# Acceleration at the time of throwing a ball

1. Jun 20, 2014

1. The problem statement, all variables and given/known data

(It's just a simple question.)
A ball is thrown straight up in the air so that it rises to a maximum height much greater than the thrower's height. Is the magnitude of the acceleration greater while it is being thrown or after it is thrown?

2. Relevant equations

1D kinematics.

3. The attempt at a solution

Magnitude of the acceleration after the ball is thrown is g. But I am having trouble in conceptualizing what is happening when the ball is being thrown. Surely when I am throwing the ball I am giving it acceleration. But how can I tell if it is greater or smaller than g?

2. Jun 20, 2014

### BiGyElLoWhAt

Do you have a maximum height?

3. Jun 20, 2014

No. They just says much higher than the thrower.

4. Jun 20, 2014

### BiGyElLoWhAt

Or any other information? an interval over which the velocity changed from 0 to the velocity it leaves the hand.

5. Jun 20, 2014

### BiGyElLoWhAt

Well this is really just a conceptual question. If I exert a force of magnitude mg upwards on the ball, what is the magnitude of the net acceleration of the ball? keep in mind that gravity is still exerting a force on the ball.

6. Jun 20, 2014

### jbriggs444

Try using energy. The kinetic energy put into the ball during the throwing process must be the same as the kinetic energy that is removed from the ball as it rises against gravity, right?

7. Jun 20, 2014

Yes. The kinetic energy reduces. So velocity after the ball is thrown is less than the velocity with which the ball was thrown. But how do I get to acceleration?

8. Jun 20, 2014

I think the question is actually asking if a > g or a < g (where a is the acceleration with which a ball is thrown).
Now how can I tell that if they give no other info?

9. Jun 20, 2014

### Orodruin

Staff Emeritus
If you have two masses being accelerated to the same speed v but with different accelerations a1 < a2, which mass travels the furthest before reaching the final velocity?

10. Jun 20, 2014

### nasu

You accelerate the ball with acceleration a over a distance comparable with your height.
Due to this acceleration, the ball will have a speed vo.
Then you release the ball and the speed decreases with acceleration g, over a distance much larger than your speed, until the speed becomes zero.

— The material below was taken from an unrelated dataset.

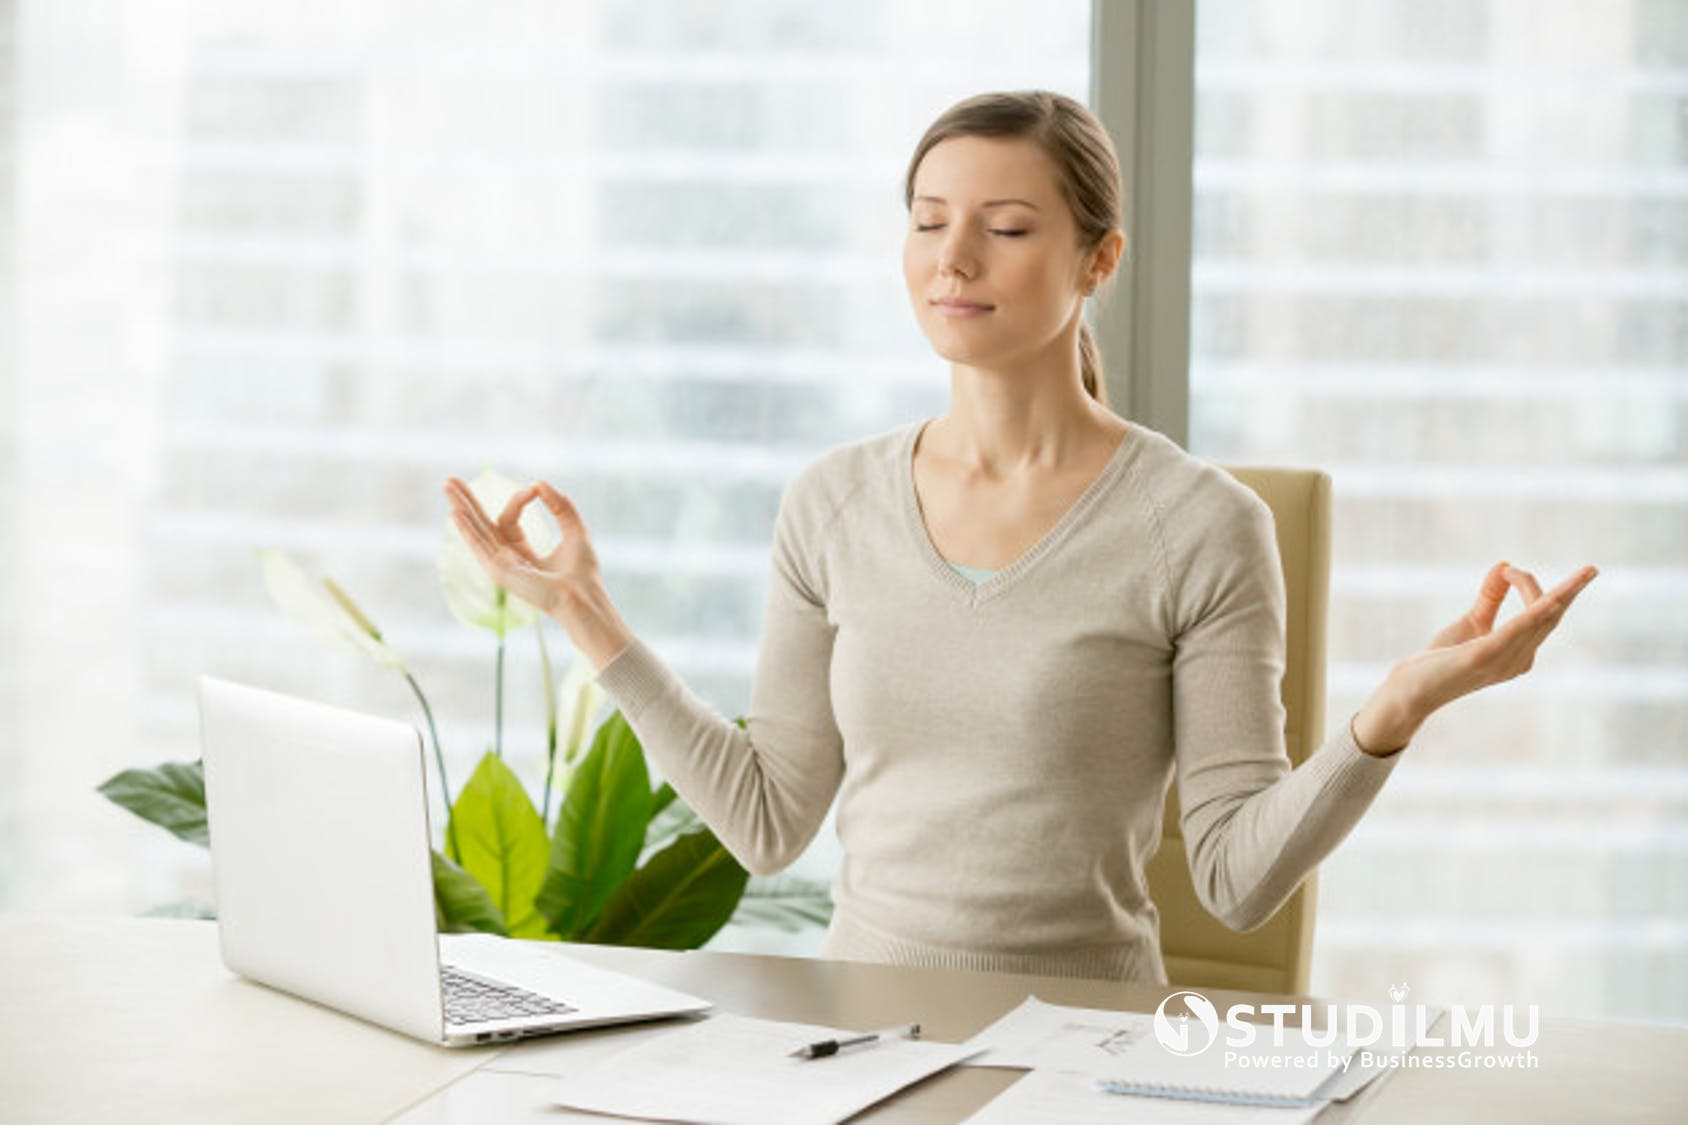 STUDILMU Career Advice - 4 Strategi Meraih Keseimbangan Hidup Bagi Pengusaha

So you have speed going from 0 to vo with a, over d1; and from vo to 0 with g, over d2.
d2>>d1. What can you say about a compared with g?

11. Jun 20, 2014

As v = at I think I can say if a1 < a2 then to attain same speed v, mass 1 will take longer time.
And by y = 0.5at2, mass 1 will travel further. Right? But maybe not. Because we have a1 < a2.
I am confused.

12. Jun 20, 2014

### Orodruin

Staff Emeritus
Note that the time to reach v is also different for the two accelerations.

13. Jun 20, 2014

Well Now I understand.
Certainly a > g because a needs a shorter distance than g to cause same change in velocity.

14. Jun 20, 2014

### BiGyElLoWhAt

I have to disagree, I can throw a baseball straight up, starting about waist high, and releasing it about arm length above my head, so a distance about 1 meter.

If I throw it like that, it'll probably hit about 15-20 meter's high. I wouldn't say that my distance that I accelerate the ball over is comparable with the height it reaches. (And that's with only little league baseball skills ha!)

15. Jun 20, 2014

### Orodruin

Staff Emeritus
There is also an energy argument: the work done by the accelerating forces on the mass has to equal the the negative work done by gravity.

Work done by acceleration: maL, where L is the length of the accelation
Work done by gravity after acceleration: -mgh

Thus gh = aL and since h >> L, a >> g.

16. Jun 20, 2014

### nasu

1 m is comparable with your height. Or average human height.
You can accelerate it over a much shorter distance but you can hardly accelerate it over a distance much larger than your height.

I never said that that the distance you accelerate the ball is comparable with the heigth it reaches. You probably misread my post.

17. Jun 20, 2014

### BiGyElLoWhAt

ahhh that I did, sorry nasu.

18. Jun 20, 2014

### nasu

No worries. :)
I am glad I was able to make clear what I meant.